Things are recovering.
Our guests have gone.
They were perfectly nice young people, really, although I didn’t see much of them this morning, because I took Oliver to work whilst they were having breakfast. Then they went off on a dog-emptying expedition with Mark whilst I stripped their room ready for Lucy coming back in a couple of days. I explained to them before we went to bed that we weren’t early risers, and they said cheerfully that whilst they liked to get up at seven, they wouldn’t mind reading in bed until half past eight. Obviously this brought an ironic smile to my lips, because clearly they lack a taxi driver’s perception of early rising.
In any case, in the end the night air must have been truly soporific, because to their surprised discomfort they didn’t emerge until ten, so I forgave them. Perhaps it is something in the house atmosphere, a sort of inverse poltergeist that makes everything dreamy and peaceable and unmoving in the mornings, especially me.
Oliver had been out doing Young Person things until one in the morning, and he was not terribly inclined to get up early either, but he had to go to work, so it could not be avoided. There was some groaning and yawning, and he looked at his breakfast with distaste.
Once they had all cleared off I finished the tidying up and belted off upstairs finally to address my much-neglected assignment.
It was a huge happiness, I can tell you. It was like sinking into a much longed-for sleep, dreamlike and contented. I had got the body of it written during frantic moments on the taxi rank, and so much of it was polishing and rearranging, contemplating and investigating. The creative part of the assignment is a shocking story but I have liked writing it very much. The critical analysis is basically a long-winded explanation of what I have done and how and why I have done it. It is heavily based on other people’s research papers, all of which had been carefully chosen by me to reflect my preconceived ideas, there is no happiness like reading opinions with which you wholeheartedly agree, which is, on the whole, why I find The Guardian so very irritating.
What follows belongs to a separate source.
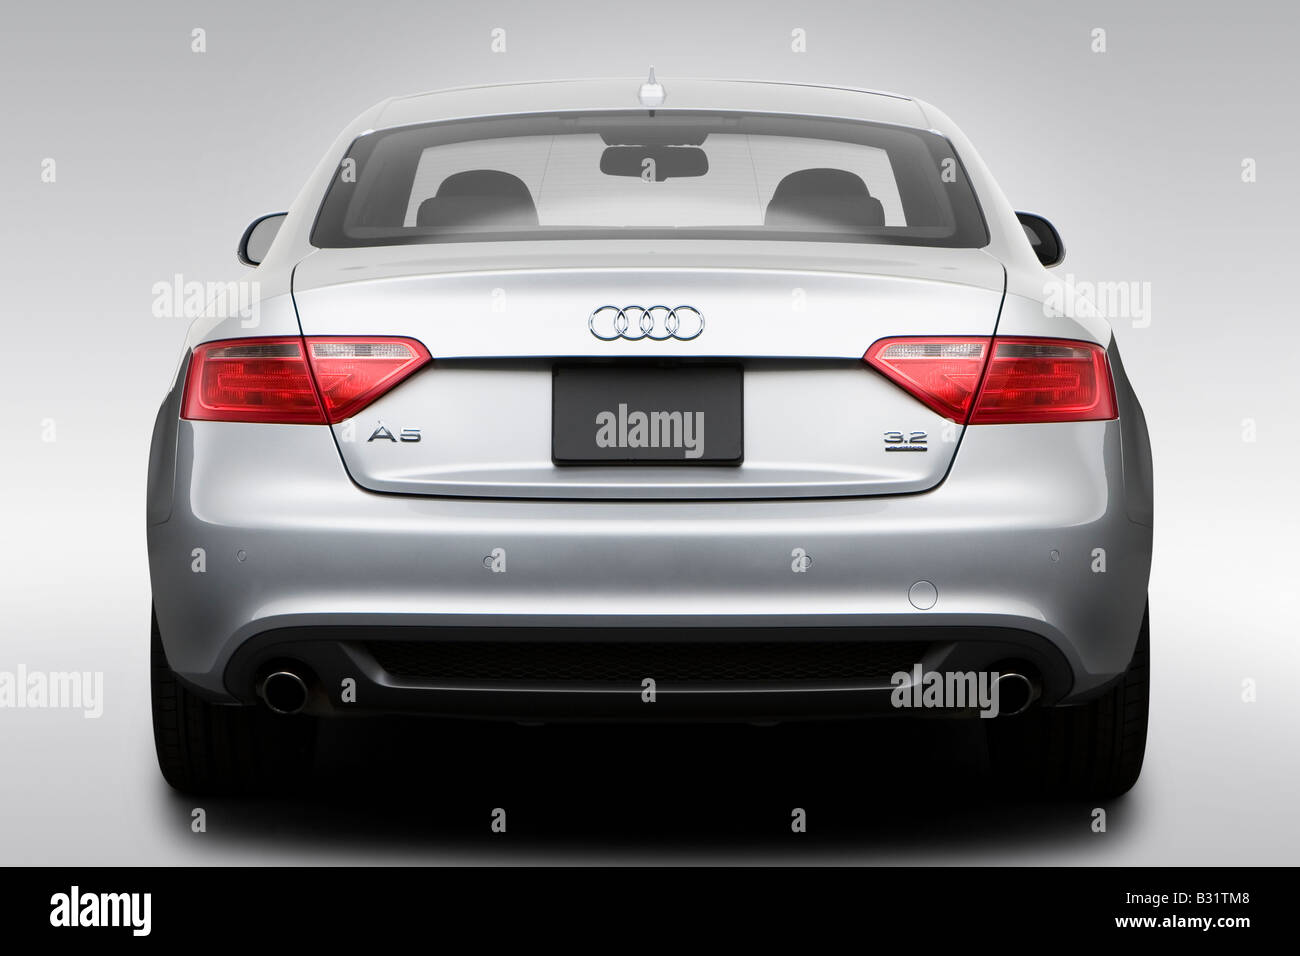 2008 Audi A5 3.2 Quattro en argent - Bas/arrière large Banque D'Images

Anyway, it has made me very happy. I have still got a lot to do, but I spent the whole afternoon deeply immersed in it, and emerged feeling mildly confused and a little disorientated with the world.
I have also had a reconciliation with Mark. I have explained to him that I do not wish to socialise with anybody’s friends and relatives, not even my own, in the last days before an assignment is due to be handed in, not unless I am saying smugly how very easy it was and how it was completed ages ago. He has agreed that perhaps it was not the wisest idea he has ever had, with which I agreed, it was worse than the time he left the divorce solar panel lying about on the garden path and I fell over it in the dark and ruined my favourite boots.
He was very penitent and even hung some of the washing up and made the sandwiches for this evening’s picnic, and so I have mostly forgiven him, although it is conditional upon my actually completing the assignment in the rest of the time I have left, and then getting a decent grade. If I do not then at least I can conveniently blame him and absolve myself for the responsibility of having written rubbish.
Also, tonight at work a customer very kindly handed me a bottle of Southern Comfort, as a present for Good and Faithful service. I am sorry to say that I did not merit this in the least, being faithless, indifferent, and only in pursuit of the cash.
Worse, I explained that I had recently chucked his mate out and told him never to darken my taxi again as a penalty for being an irritating idiot. To my surprise he agreed wholeheartedly that his mate was an irritating idiot, and that it was about time somebody mentioned it, and that I had therefore doubly merited the Southern Comfort.
It is not Sancerre, but I shall enjoy drinking it anyway, and I have had my faith in human nature restored.
I think this is a jolly good way to end the old year.